(Recorded data)
------------------------------------------------
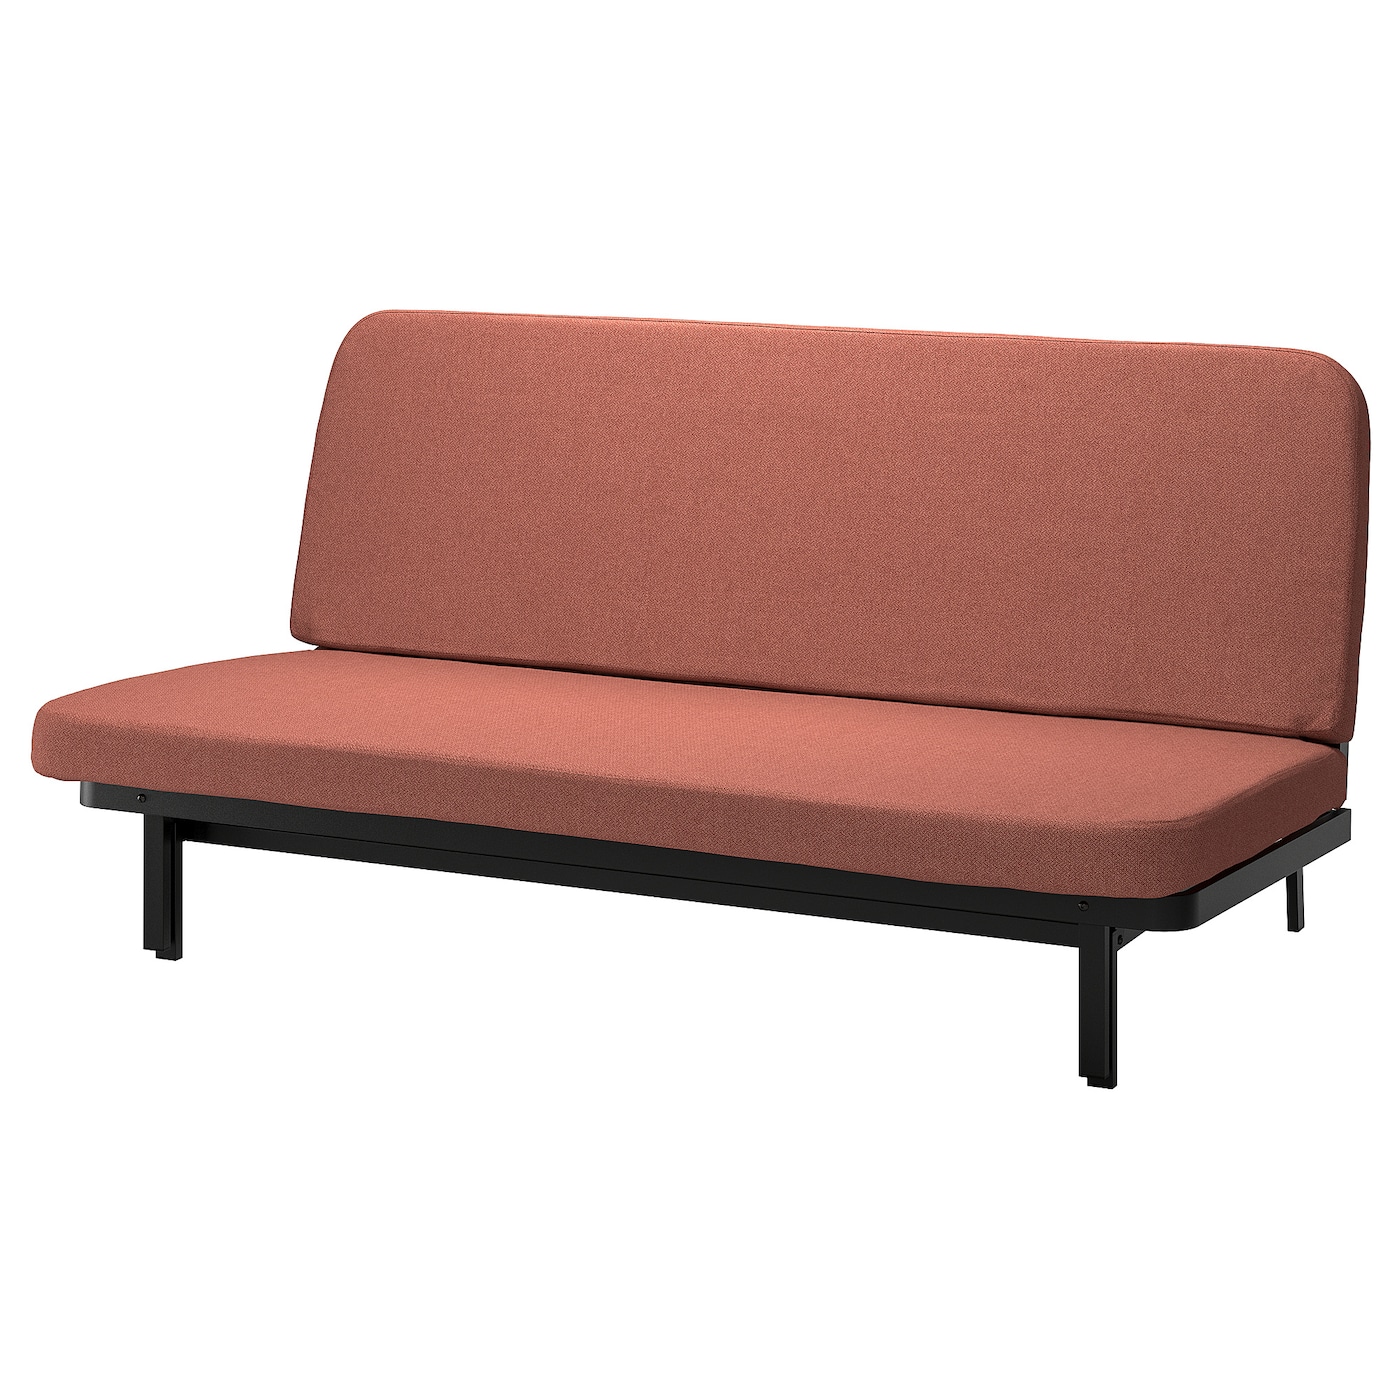 NYHAMN 3-местный диван-кровать, пружинный матрас в комплекте/Скартофта красный/коричневый IKEA домашний одноместный диван кровать спинка стул для спальни односпальный диван для девушек удобное эркерное окно маленький диван складн
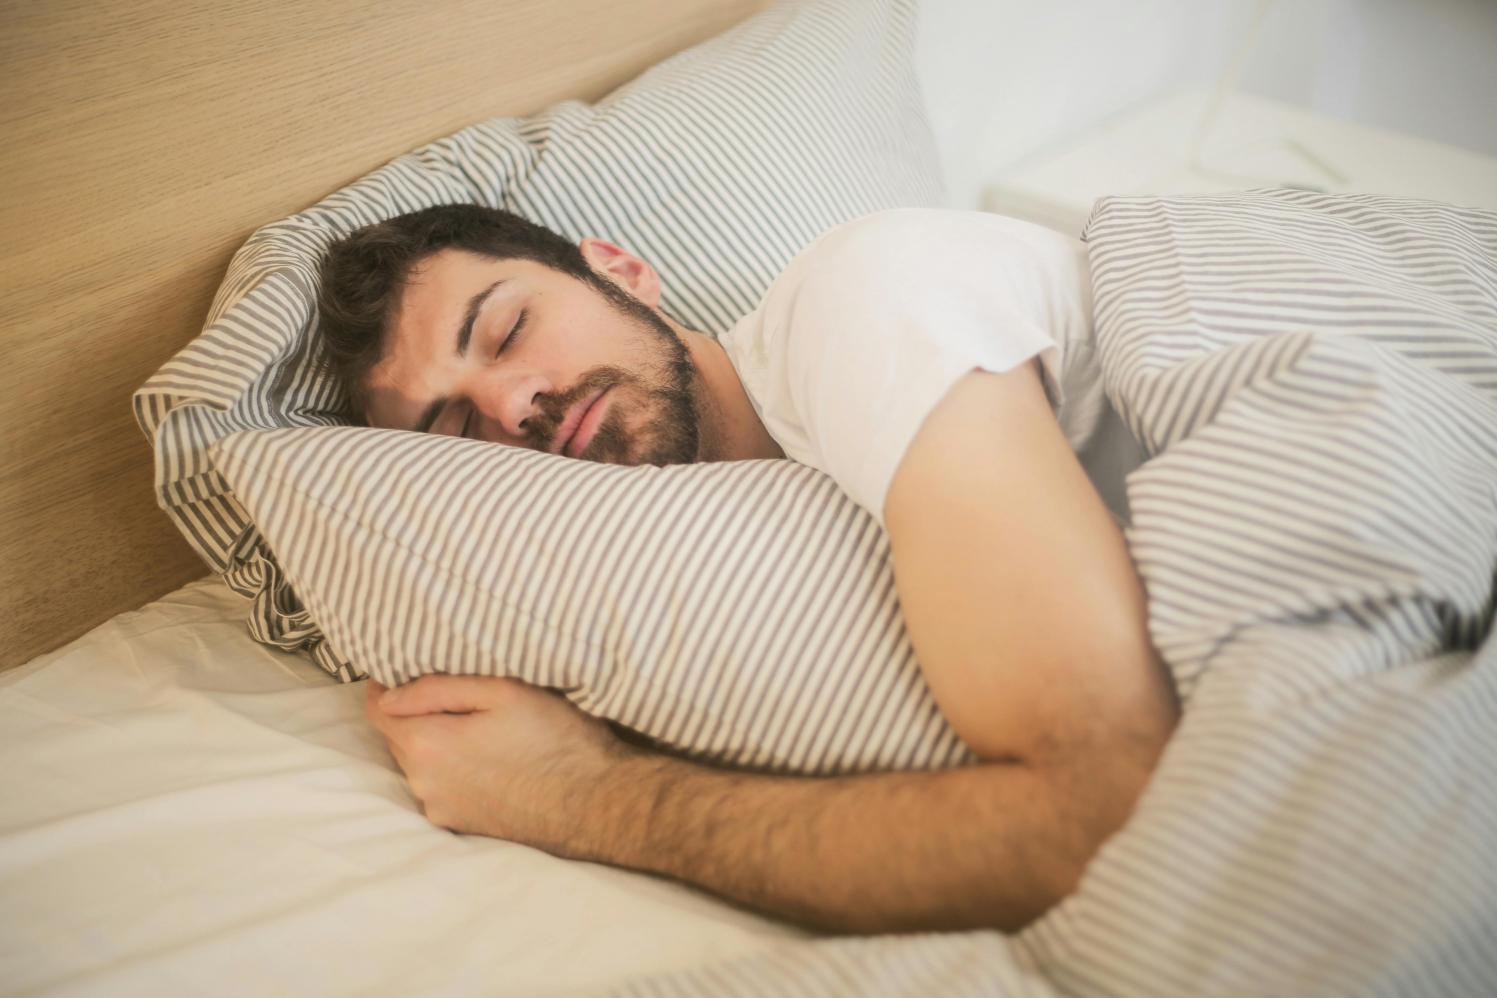  Dormir com ventilador ligado pode desenvolver doenças, alerta especialista
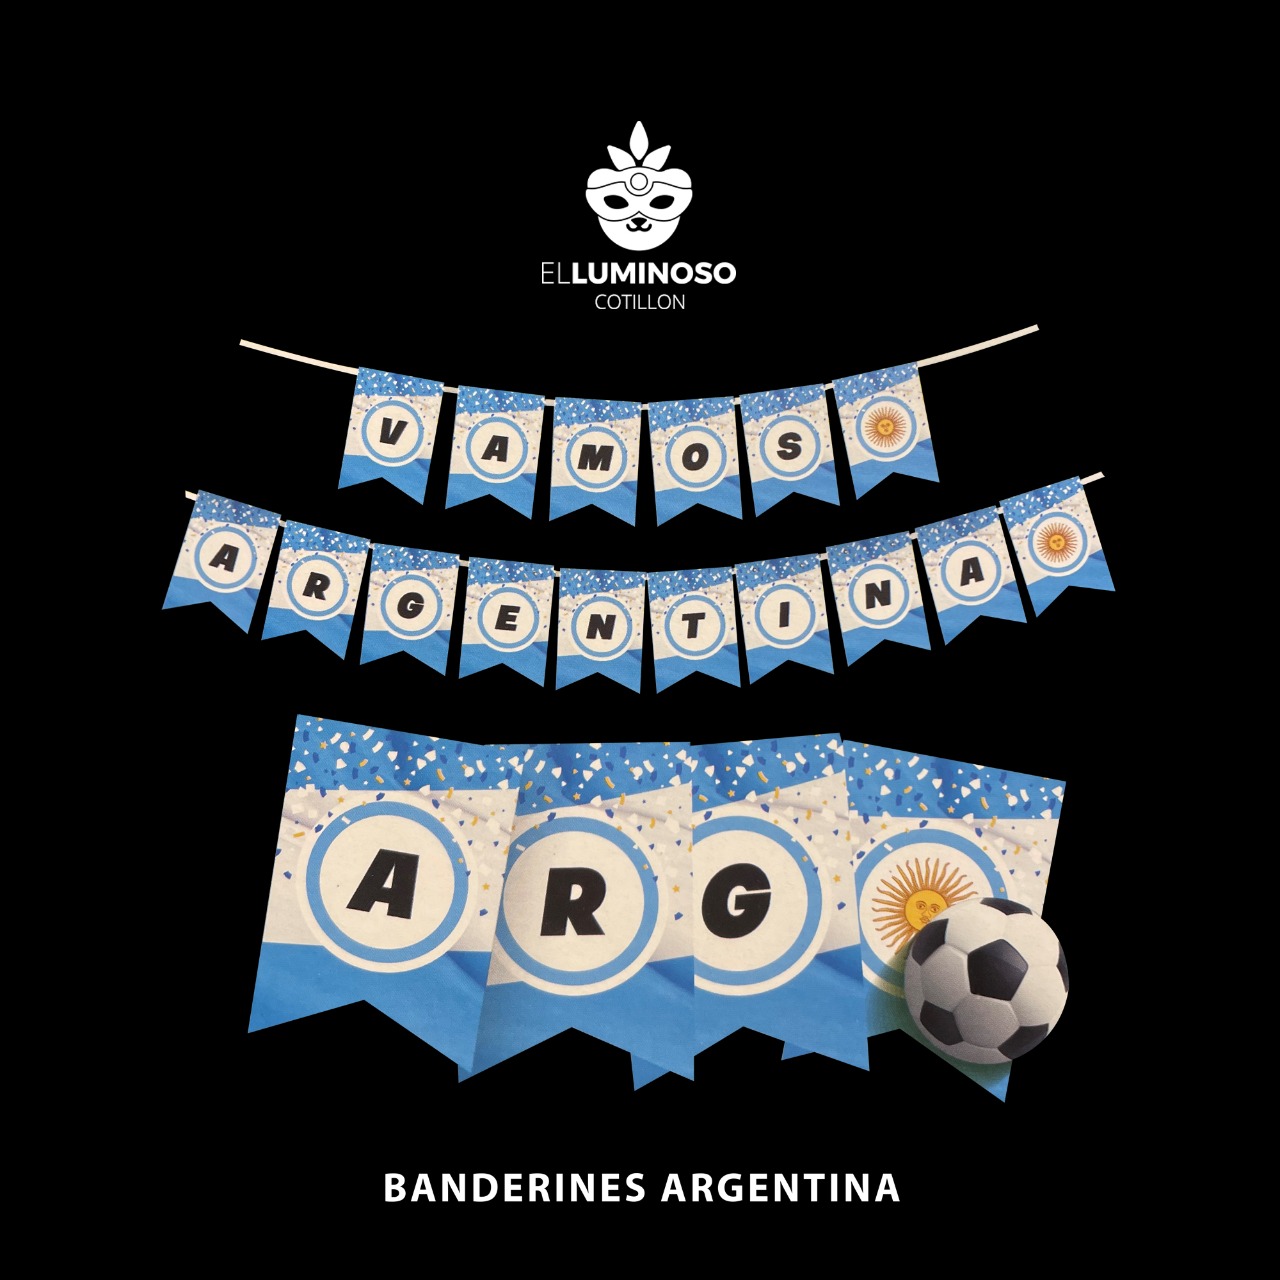 BANDERIN VAMOS ARGENTINA
------------------------------------------------
(Required action) An exact copy of the listing above, minus its pictures, is what is needed here.

(Response)
 NYHAMN 3-местный диван-кровать, пружинный матрас в комплекте/Скартофта красный/коричневый IKEA домашний одноместный диван кровать спинка стул для спальни односпальный диван для девушек удобное эркерное окно маленький диван складн
  Dormir com ventilador ligado pode desenvolver doenças, alerta especialista
 BANDERIN VAMOS ARGENTINA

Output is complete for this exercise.